プロローグは、華やかな赤い衣装がキラキラしゴージャス。主題歌の「キラ、キララ、キラ、キラールージュ」はのりが良いし、娘役が、ミニワンピースにスパッツみたいな衣装で踊るのも、スカッとして、かっこいい。

でも、その後の赤ずきんちゃんからの場面からは、意味のわからないコスプレがゴチャゴチャしてるだけで、全体として、美しくない。礼くんの狼のコスプレとか、人気なのか?なんだか、内輪受けな感じで、プロローグの勢いが削がれます。

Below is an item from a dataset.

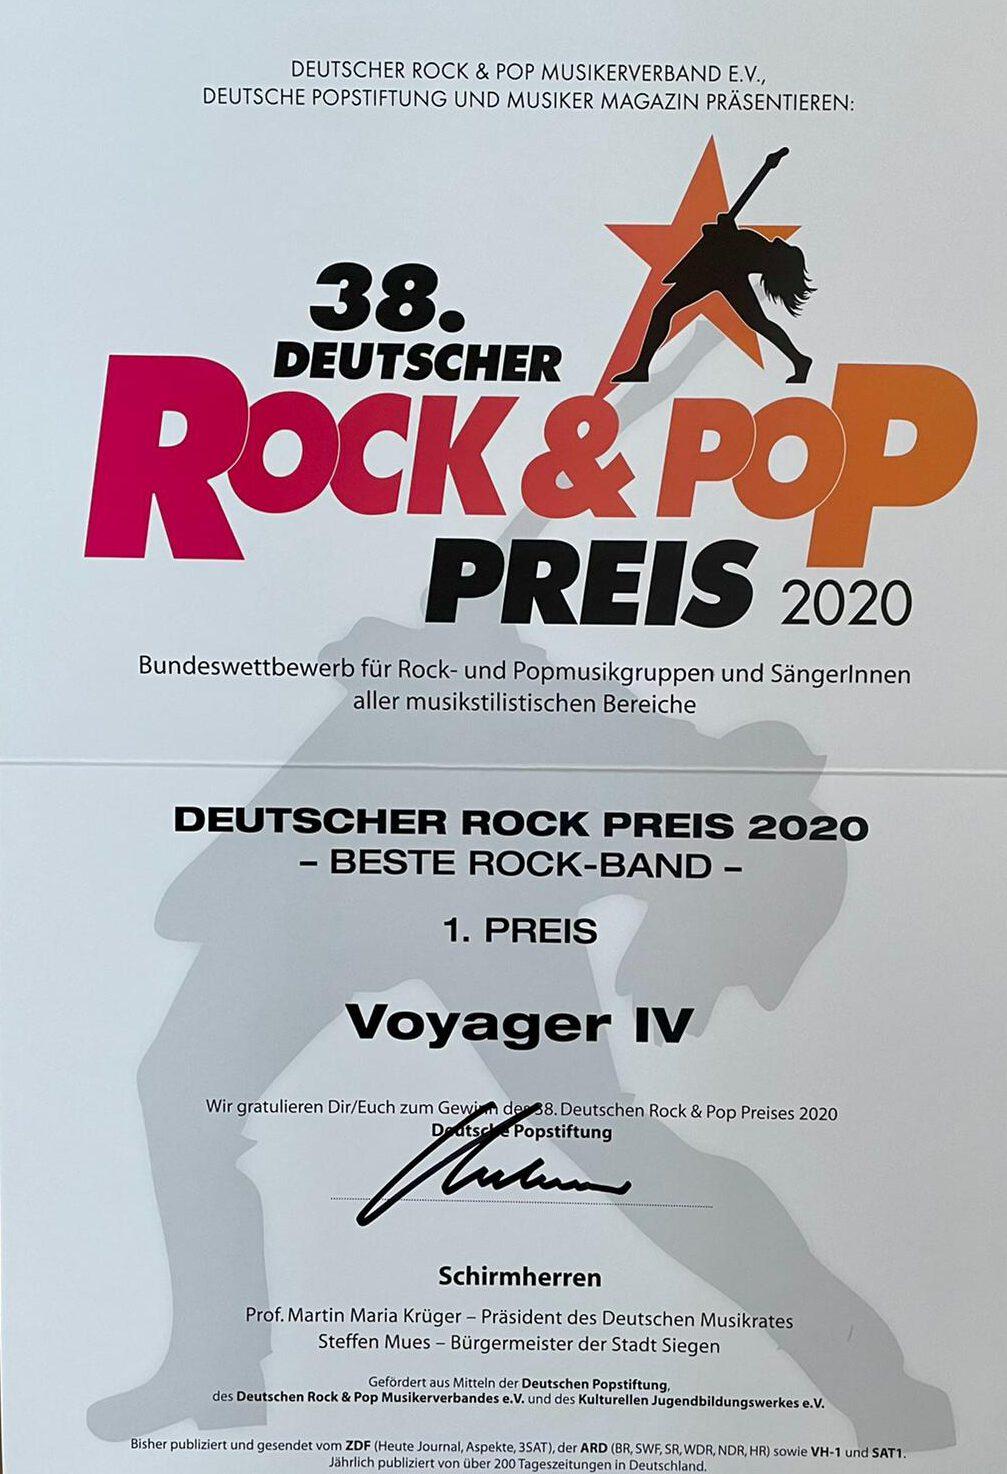 Urkunde deutscher Rock und Pop Preis, Beste Rockband 1. Preis

次に、ベニがさえないお父さんで銀橋渡りをするところ、宝塚ではキューピーの貸切で、ベニが髪を「キューピーにしてみましたー」と登場したので、それだけで受けて、楽しかった。でも、今回はただのモシャモシャ頭だったので、メリハリなかったなー。

その後の海ちゃん宝石泥棒のクダリも、こんなに緩いものなのかと。なんの策もなく盗んでるし。いくらショーだからといって、ここまでコスプレだけでいいのか?ストーリーとして構成が弱いから、どうして紅がスーパー刑事なのかさっぱりわからない。

星組東京『Kiler Rouge』感想 美しさに覚醒する

セオッチのポストマンの後は、紅薔薇宮殿の場面になります。ベニの王子様的なビジュアルを生かした白とピンクの衣装も美しいですが、漫画のベル薔薇の主題歌を歌うときのあーちゃんの衣裳がすばらしい!

ピンクの生地の上の白のレースが、かわいく繊細。オペラでじっくり見ました。

こいうのは、宝塚娘役だからこその夢ある美しさで、大好き。脳が覚醒します。

帽子をかぶっていた時も、素敵でしたが、銀橋に出るときは、外付けなのか、大きなスカートと帽子をとり、中に着ていたワンピースに、赤の混じった前髪にして、とてもかわいい。

齋藤先生が言うところの紅ゆずるの「クラシカルな魅力」のシーンのようで、ビジュアルは本当に素敵なのですが、音楽がここでも押せ押せのリズムで、クラシカルに、なりきれていない。本当に、紅さんをはじめ、美しくエレガントな衣装なので、もっとロマンチックにしてほしかったです。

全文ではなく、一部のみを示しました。